En outre, les auteurs signalent que la coïnfection par le virus de l'hépatite B et l'âge sont des facteurs indépendants d'évolution sévère de la maladie. Pour Peiris, « le profil en V inversé de l'excrétion virale et la progression clinique et radiologique de la maladie au cours de la deuxième semaine d'évolution suggèrent que la symptomatologie clinique pourrait être plus en rapport avec des processus immunologiques qu'avec la multiplication virale non contrôlée ».
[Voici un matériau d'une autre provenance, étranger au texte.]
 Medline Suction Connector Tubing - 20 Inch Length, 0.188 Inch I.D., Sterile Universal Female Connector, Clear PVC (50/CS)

Par ailleurs, dans le « Lancet » du 3 mai 2003, le Dr E. Wu signale son propre cas atypique : après une première phase d'évolution fébrile de la pneumopathie, il a présenté des signes biologiques de CIVD accompagné d'une majoration des images à la radiographie et au scanner thoraciques.
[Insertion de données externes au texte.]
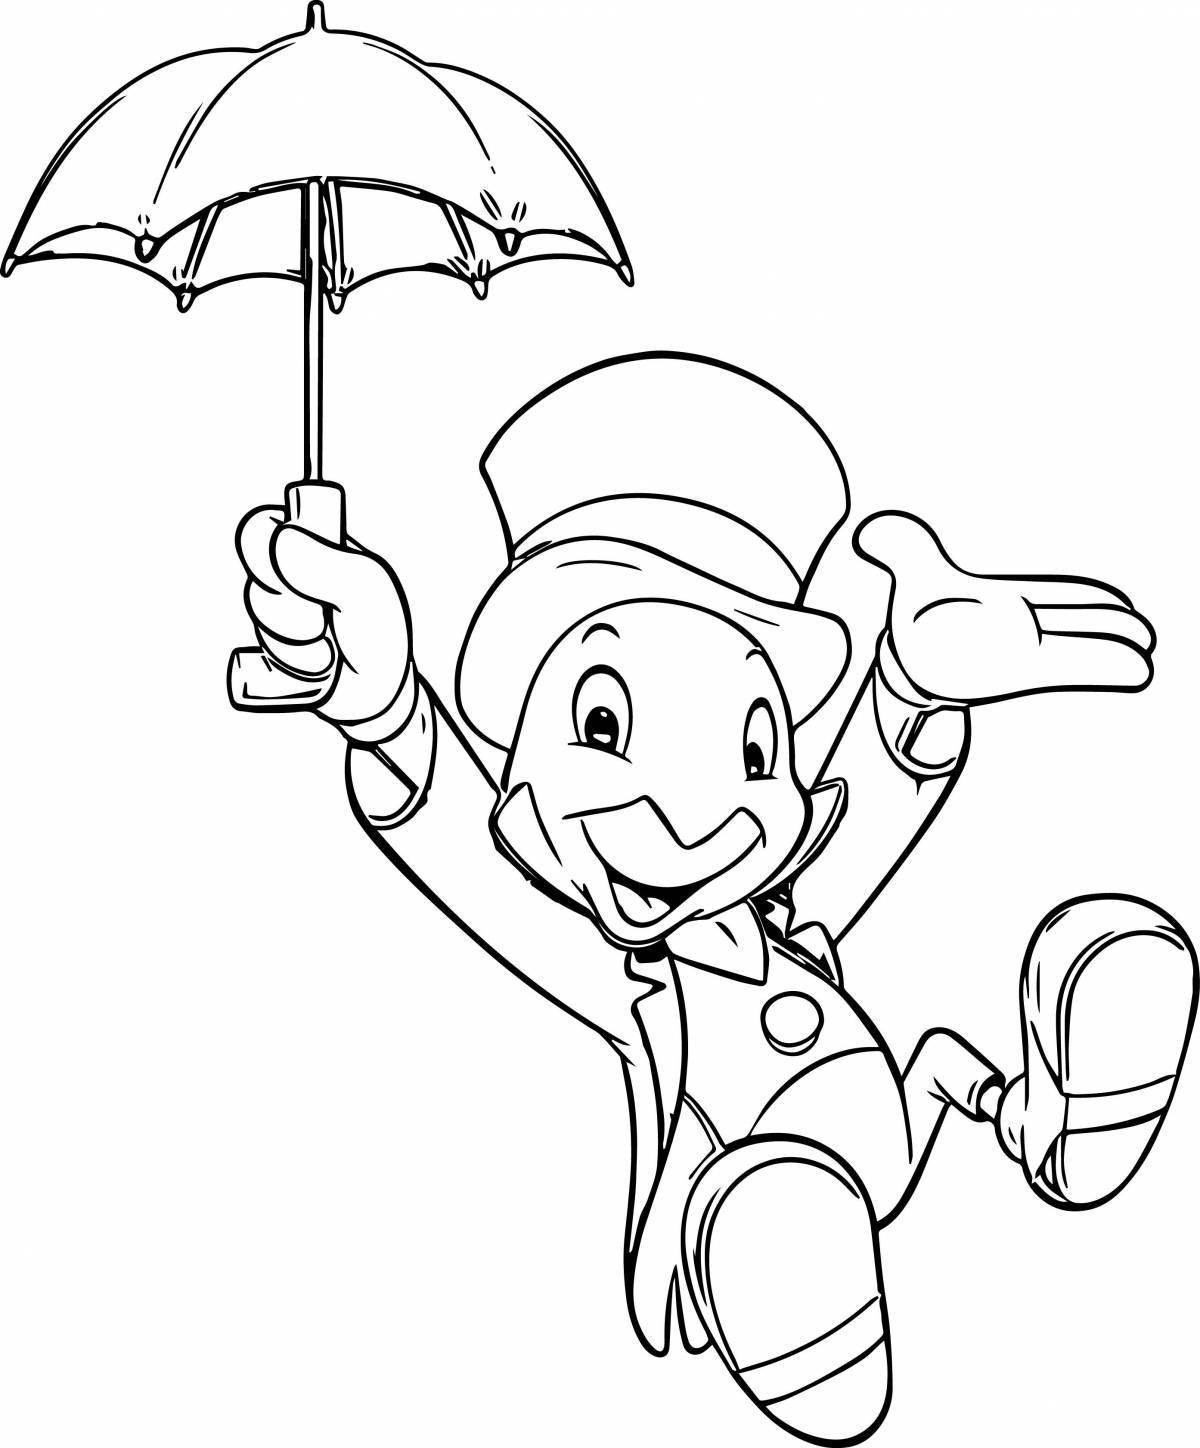 Colorful pinocchio coloring page

Ajoutons que des rechutes ont été signalées chez 12 patients qui avaient rejoint leur domicile après avoir été déclarés guéris par les médecins de Hong Kong. Pour les experts de la Société internationale des maladies infectieuses, « il est difficile de déterminer si ces rechutes sont liées à une nouvelle infection par un autre coronavirus ou si la symptomatologie était restée fruste en raison de l'utilisation de corticostéroïdes et si l'arrêt de ces médicaments s'accompagne d'une réapparition de la maladie ».
Idée pour les contacts
Dans le « Lancet », Dimitrios Kontoyannis (Houston, Etats-Unis) signale que la compréhension des mécanismes immunopathologiques à l'origine du SRAS reste imparfaitement comprise et qu'ils pourraient être liés à la libération de médiateurs de l'inflammation. Il propose l'utilisation d'agents thérapeutiques modifiant des événements clés de la multiplication virale - par exemple, l'attachement du virus à la surface cellulaire chez les sujets contacts. Partant du constat que le coronavirus humain 229 E (et non le OC 43) se fixe au récepteur cellulaire de membrane CD13 (aminopeptidase N), il propose que les substances bloquant l'aminopeptidase N - l'ubenimex ou des anticorps monoclonaux - soient utilisées chez les sujets contact à haut risque. C'est dans ce contexte que les Laboratoires Serono annoncent qu'ils vont tester l'efficacité de leur interféron bêta dans le SRAS.
« The Lancet », vol. 361, pp. 1519-1520 et 1520-1521, 3 mai 2003.